Many of the album's lyrics draw from personal experiences of the band members, with Damiani stating, "sometimes life is just ups and downs". Whilst appearing defeatist, Rock Sound's Maddy Howell notes that that statement also shows bravery in admitting to hurt, which was a core mindset of the album. He explained:

"In terms of our personal lives, these have been the darkest few years. There are some things you get over quickly, others that might take years, and some that you never get over. This was the first time that we have had to navigate certain losses in our lives, and we had to work out how to navigate that not only as individual human beings but as a band. You should try not to lose hope, but sometimes trying to find a positive angle is not the right thing. You just need to live with that situation and with the feelings that you're going through".

Lyrically, Nightmare Tripping deals with a number of emotions, ranging from honesty, acceptance, fear of admitting struggle, loving someone "through their darkest moments", anger, and nostalgia.

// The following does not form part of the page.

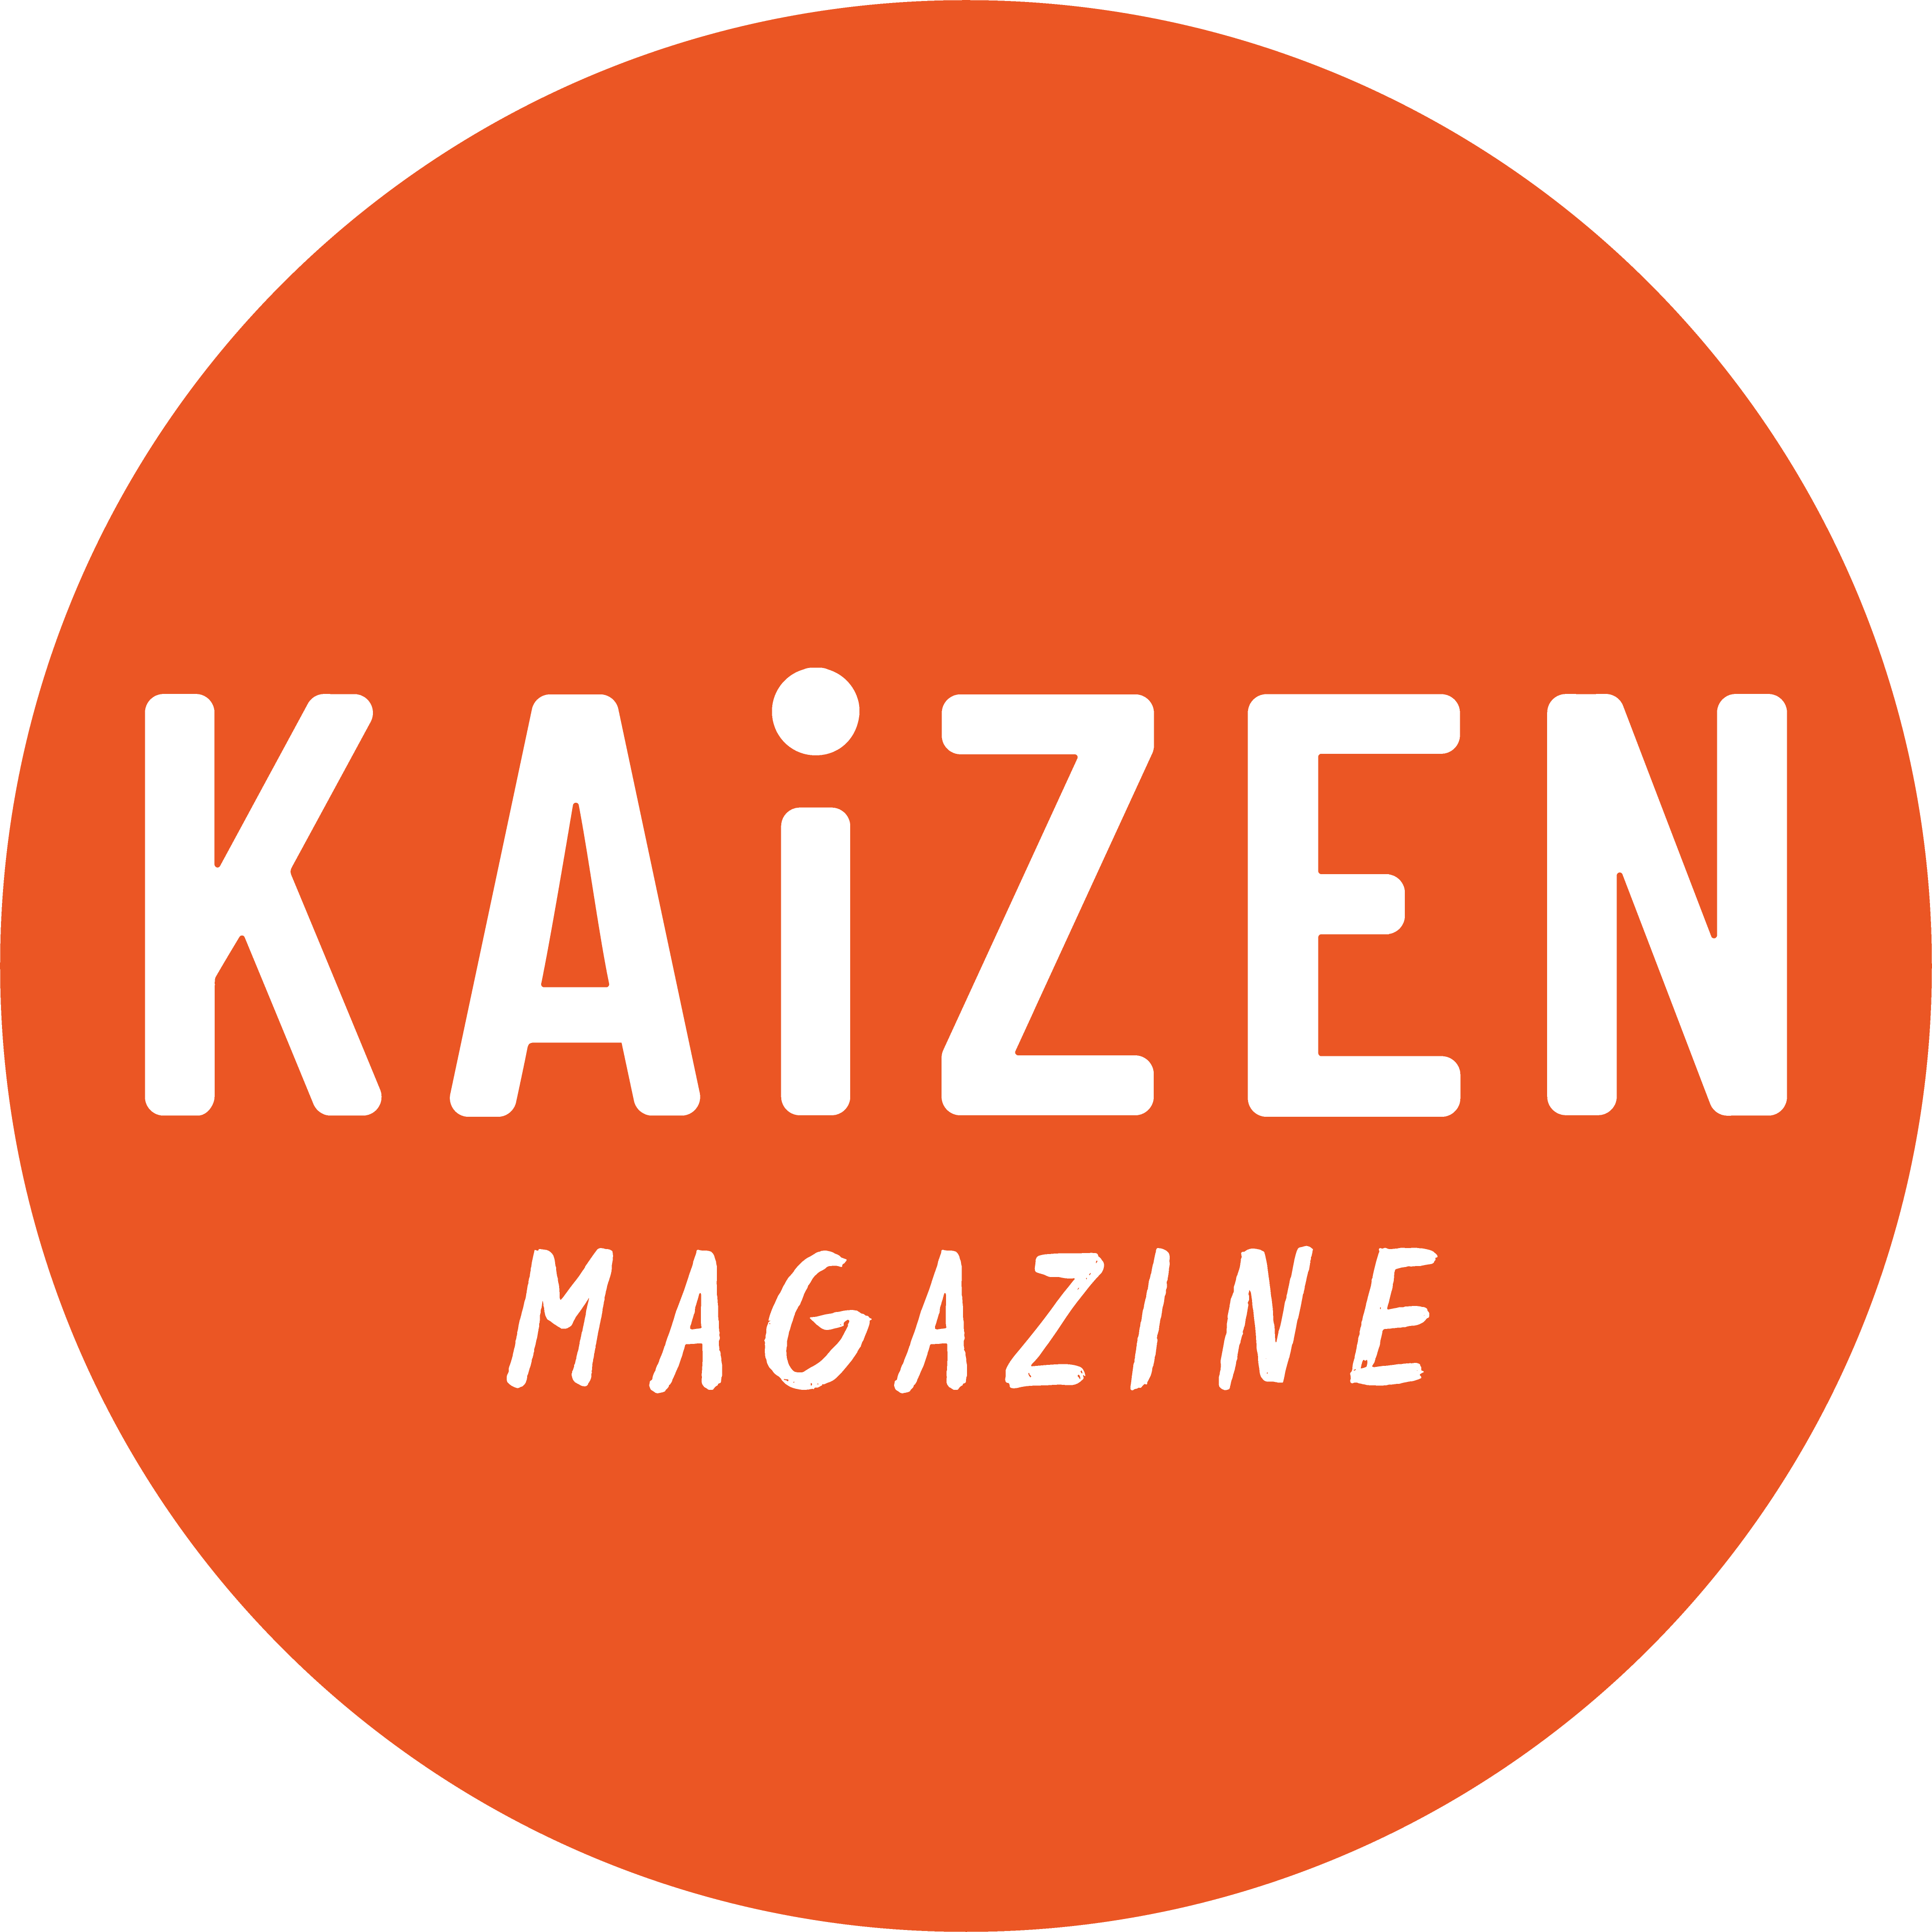 https://kaizen-magazine.com/

As with their previous release, Amazing Things, the band wanted their next album to sound heavier than the last, and have cited a number of influences such as Limp Bizkit, System of a Down, Deftones, Rage Against the Machine, Korn, and Nickelback. The band aimed to champion a blend of genres such as nu-metal and electronic, while also aiming for a "unified sound". To achieve this, the band worked with longtime producer Dan Lancaster, and also included collaborations with Nickelback and Sam Carter of Architects.

===Songs===
The first single and opening track, "Cellophane", was described as nu-metal, with alt-rock, electronic and metalcore elements, and is themed around "realising you're not as tough as you thought" and self-discovery. Damiani has said that the song is "that acknowledgement that shit's going south". Critics also compared some of the lyrical themes as a response to modern day struggles and uncertainties such as cost of living and "the looming prospect of World War III". The band cited inspiration from bands such as Limp Bizkit and Korn in the song, and stated that these were bands that got them into heavy music. The song's sound has also been compared to that of System of a Down. The band acknowledged the track's position as the opening track for the album as "the start of this journey on an album acknowledging that things maybe aren't as good as they were", going on to say that the rest of the album is "working through that and how you're going to live with that new reality".

"Disappear" addresses struggles of guilt and being unable to support somebody, as well as vulnerability, loneliness, and self-worth. Damiani called the song the "rawest" and "most personal" he had ever written, stating it was something he had been through himself with his partner. Wall of Sound's Daniel Hill compared the song to short story "The Tell-Tale Heart" by Edgar Allan Poe. The third track, "Somersaults", is themed around nostalgia of better times and reminiscing past optimism. The song has been described as stadium rock.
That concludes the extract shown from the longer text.